== Available data

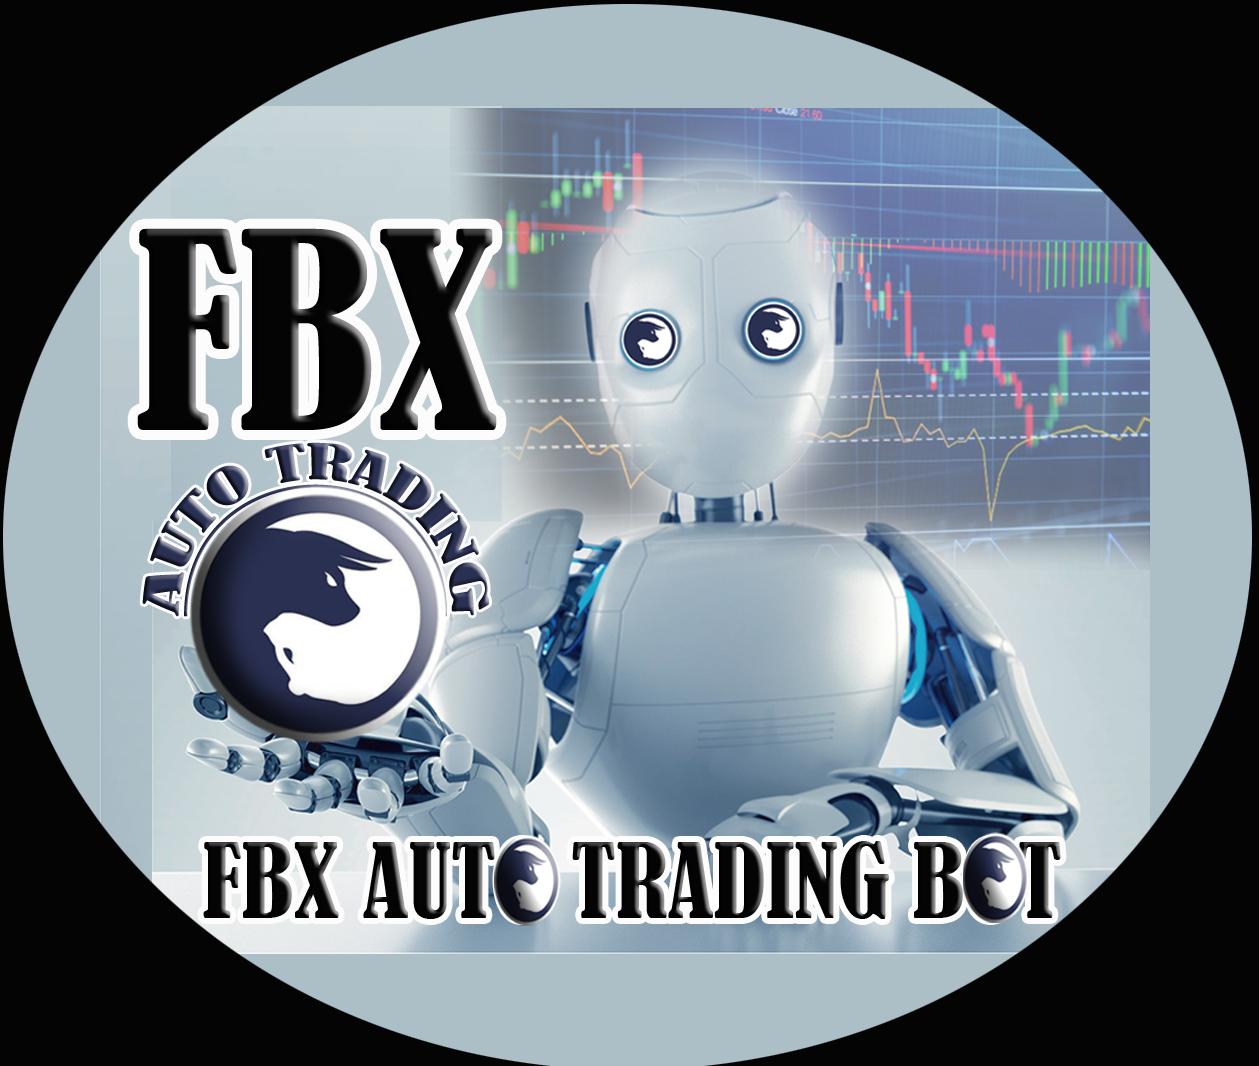 FBX AUTO TRADING BOT - Binary.com auto trading
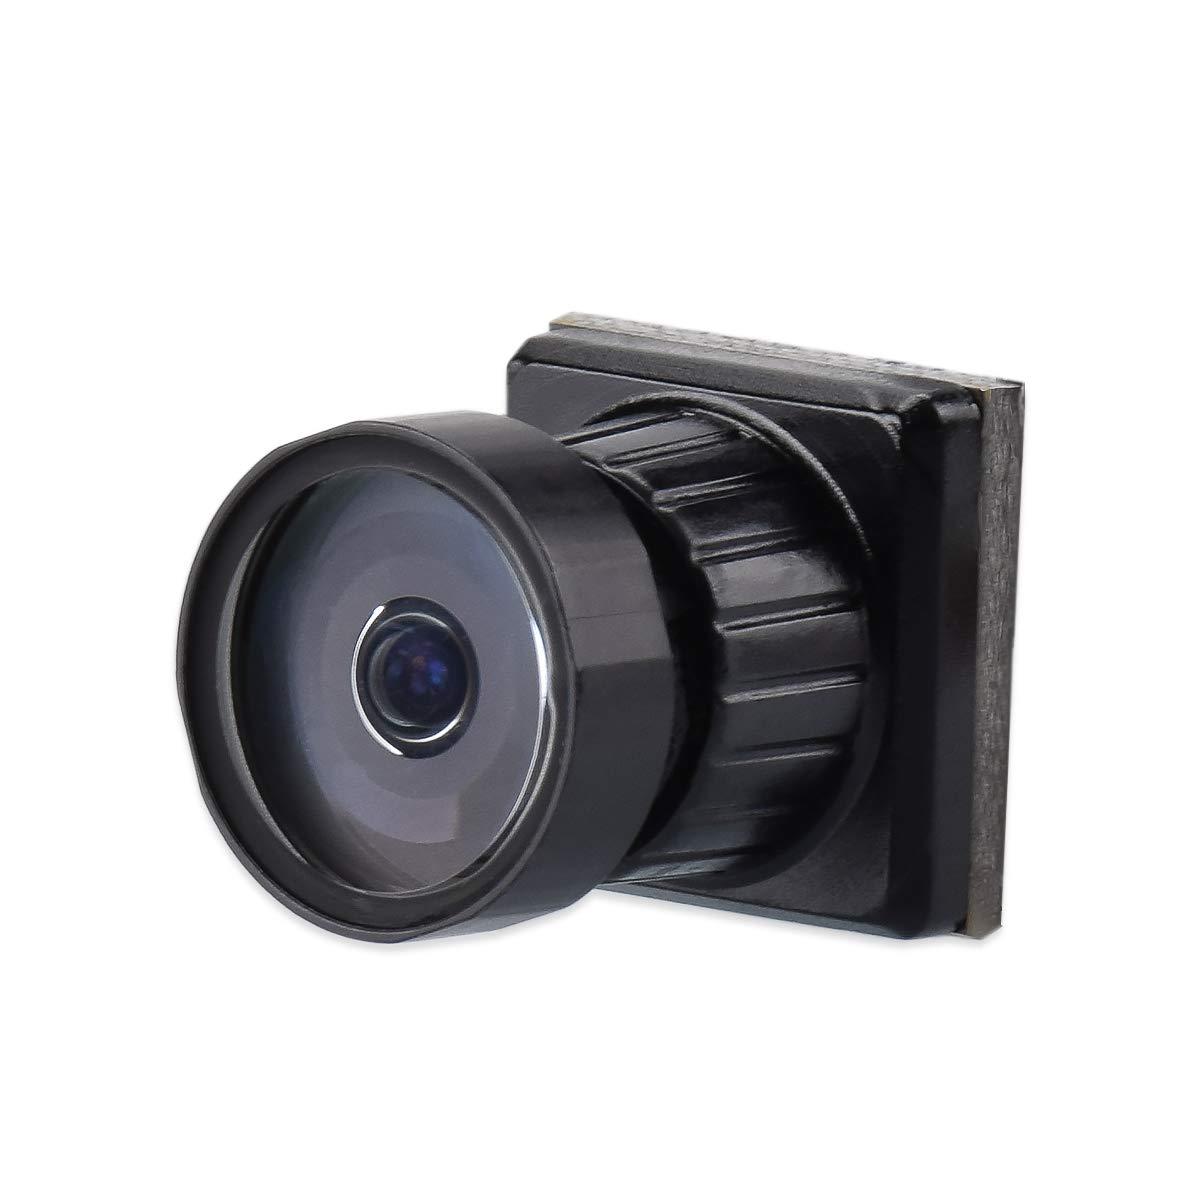 BETAFPV 1200TVL FPV Camera 1/3'' CMOS Sensor HD Camera 16:9 160 Deg NTSC for Tiny Whoop Brushless Racing Drone
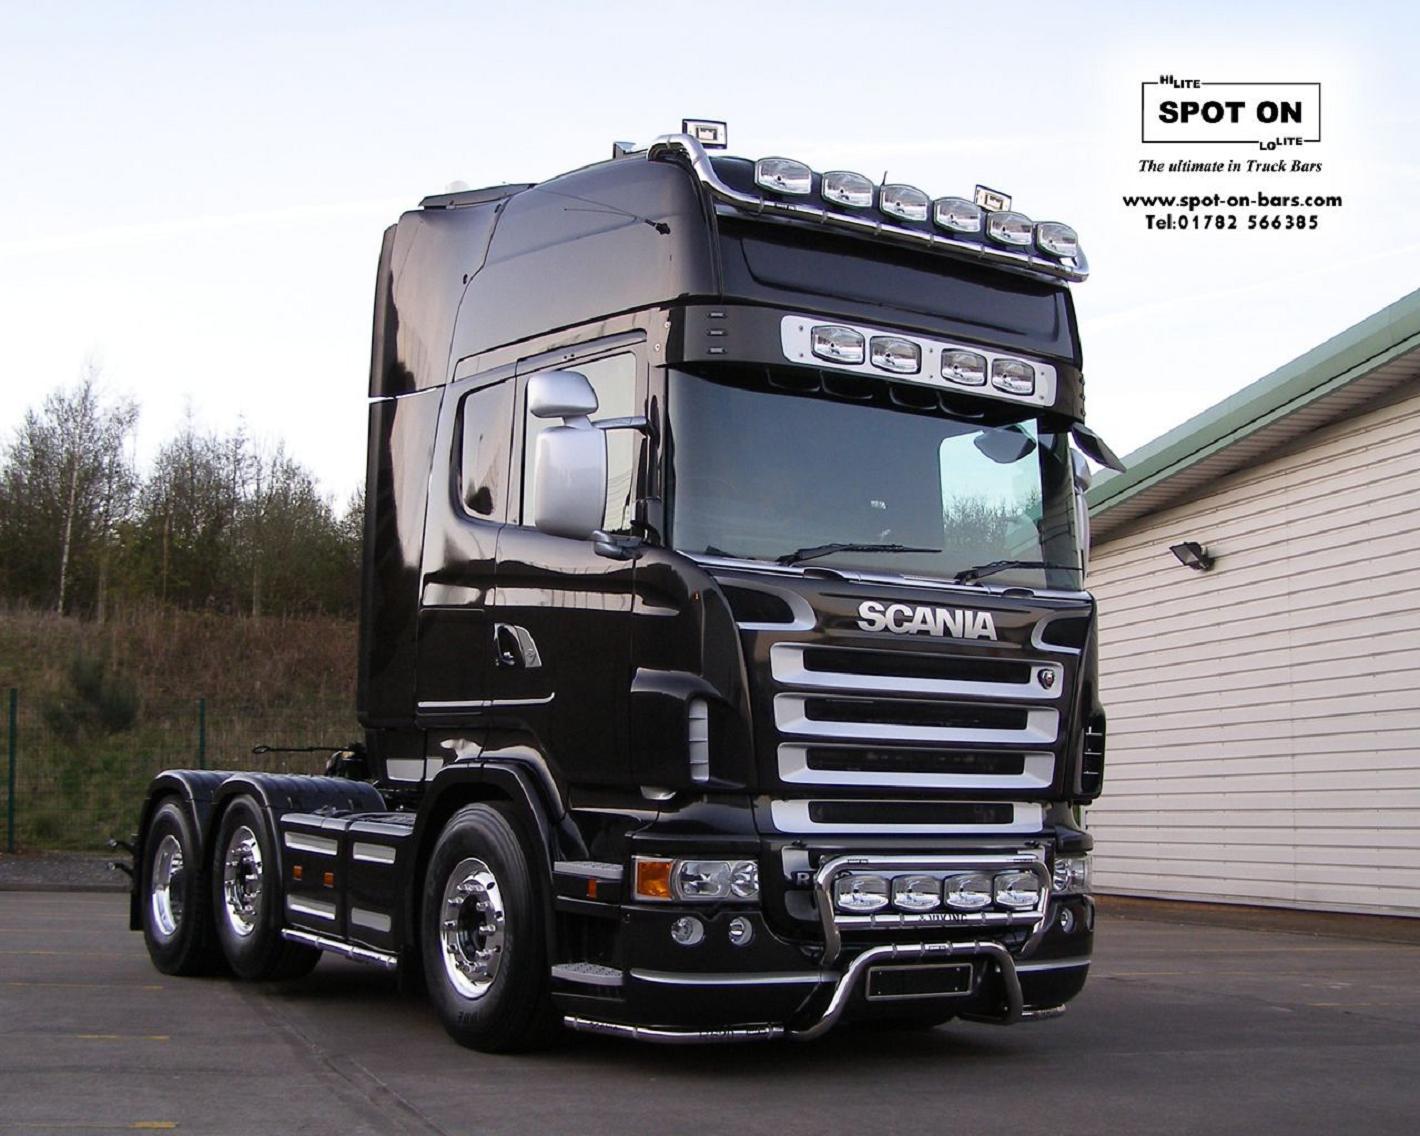 trucks wallpapers scania truck wallpaper scania truck wallpaper scania 1420x1136
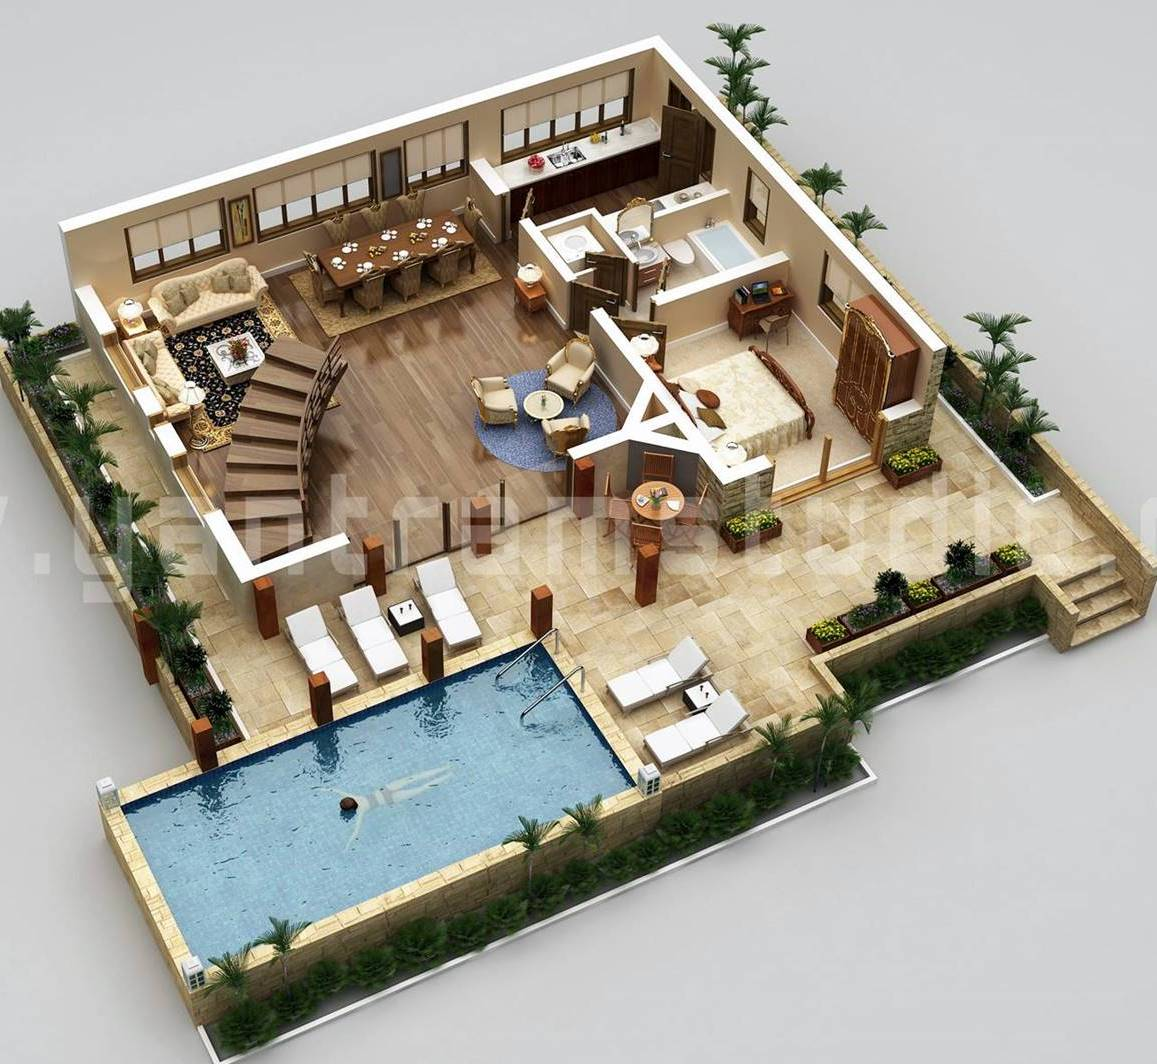 Custom%2BStylish%2BModern%2BHouse%2B3D%2BFloor%2BPlans%2B%2B%25282%2529 Customized Trendy Trendy Space 3-D Ground Plans Interior

====

Every line above must appear in the answer unchanged, and no picture may appear in it.

_Output of the exercise_
 FBX AUTO TRADING BOT - Binary.com auto trading
 BETAFPV 1200TVL FPV Camera 1/3'' CMOS Sensor HD Camera 16:9 160 Deg NTSC for Tiny Whoop Brushless Racing Drone
 trucks wallpapers scania truck wallpaper scania truck wallpaper scania 1420x1136
 Custom%2BStylish%2BModern%2BHouse%2B3D%2BFloor%2BPlans%2B%2B%25282%2529 Customized Trendy Trendy Space 3-D Ground Plans Interior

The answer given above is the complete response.